Despite these gripes, Armello is still a great game. It falls short of excellence by a whisper, but as the developers have put out four major updates for free on Steam over the past year, I have high hopes for the future. It’s a labour of love, for sure, and one which I’m confident will continue to be updated in the future.
Armello has a piece of DLC which has been readied to coincide with it’s Xbox One launch, available from the marketplace now. Called the Usurpers pack, it adds four new characters, rings and powers to the game covering various play styles. The details are as follows:
Magna, the Unbroken: A tank-like Wolf Clan member with the Hero Power, “Shield Maiden,” which allows her to reflect attacks. Magna’s high Body and Fight stats in combination with Shield Maiden is ideally suited for players who focus on combat.
Elyssia, Wardress of Warrens: A hero of the Rabbit Clan who can permanently fortify settlements with her “Architect” ability, granting Elyssia greater control of the daily gold reward for holding settlements. While not the strongest in straightforward fights, her high Wits stat and ability to monopolize Armello’s economy make her very dangerous.
Ghor, The Wyldkin: A Bear Clan hero whose magic draws strength from forests. His Hero Power, “Conduit,” allows him to cast spells for one less magic per adjacent forest, and enables him to cast to any woodland tiles on the board. This powerful ability, is ideal for stealthy spell play.
Sargon, The Death Teller: The latest addition to the Rat Clan has evenly balanced stats, but his Hero Power, “Veil Gazer,” makes him a very appealing choice to cerebral players. Sargon has the ability to see cards before they’re drawn, giving him a strategic advantage over every other character.

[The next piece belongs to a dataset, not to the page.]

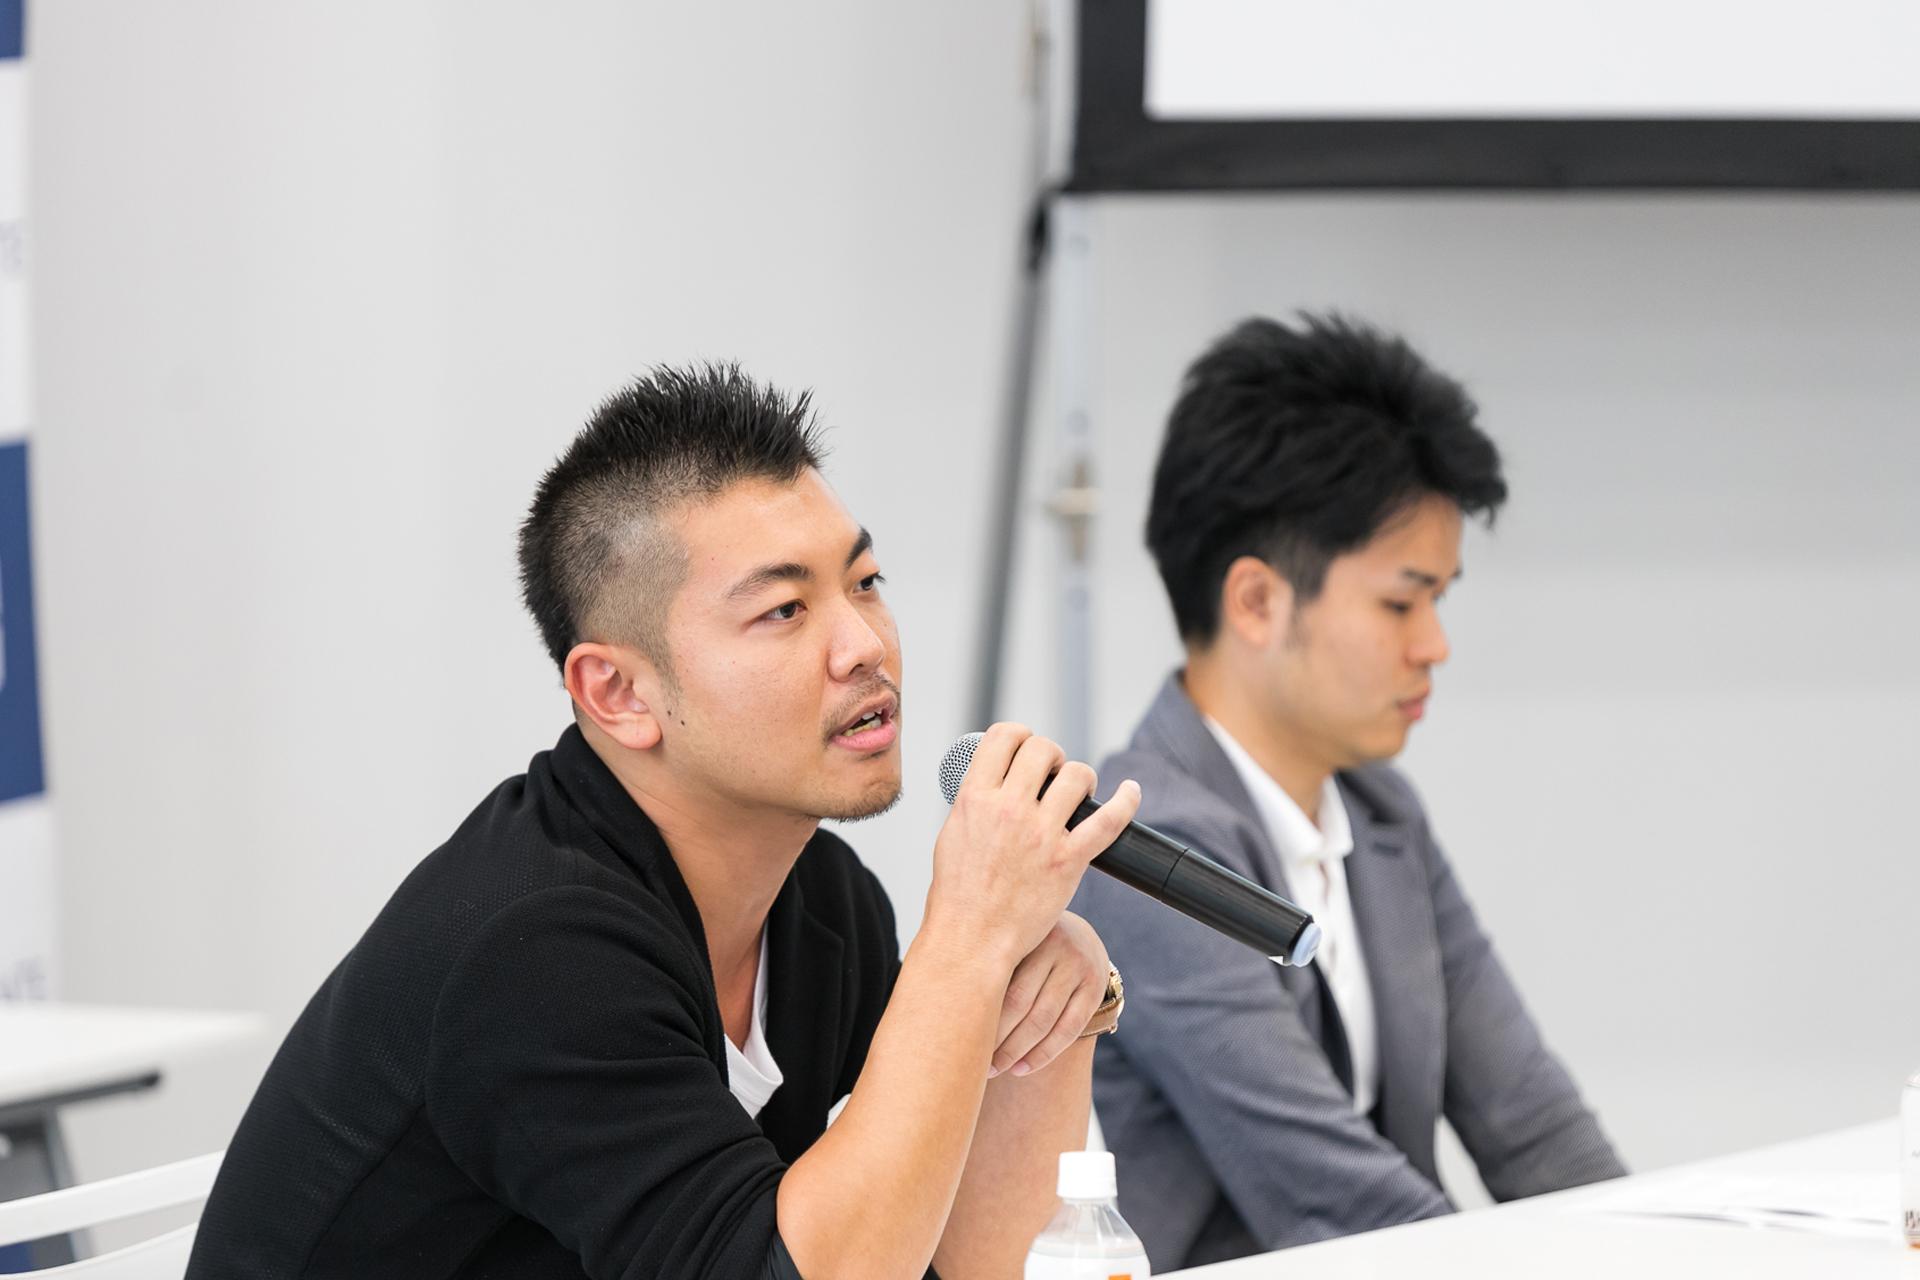 俣野 和仁(俣野公認会計士事務所 代表/Blue Works株式会社 代表取締役/公認会計士)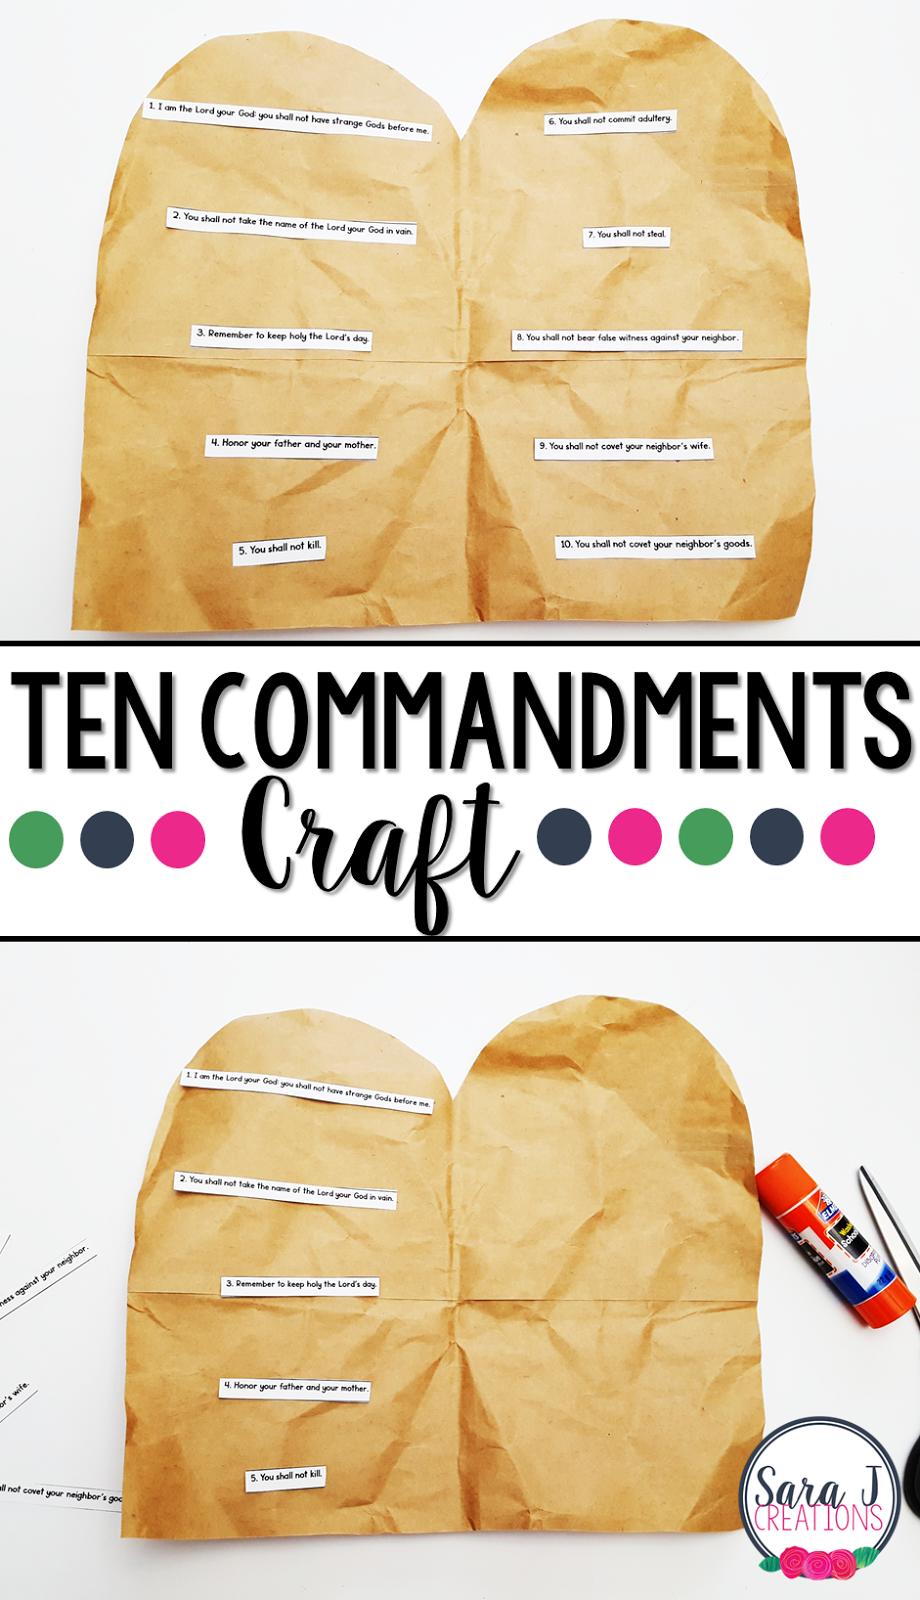 Ten Commandments Crafts For Kids

So, is Armello and it’s DLC worth your time? Yes. Yes it is. Again, I must emphasise that in my opinion it falls short during online multiplayer, which could be considered it’s most important aspect, but as a whole? If you’re a fan of strategy, then I absolutely recommend it. If you’re also a board game fanatic, it’s a no brainer. Armello has the potential to go on and be the best digital board game ever made. I’d love to see a scenario editor in the future that allowed players to build their own boards and win scenarios, and local multiplayer is an absolute must – but whatever happens, I’m confident it will continue to grow and garner fans from across the world, and that by this time next year my review will be irrelevant.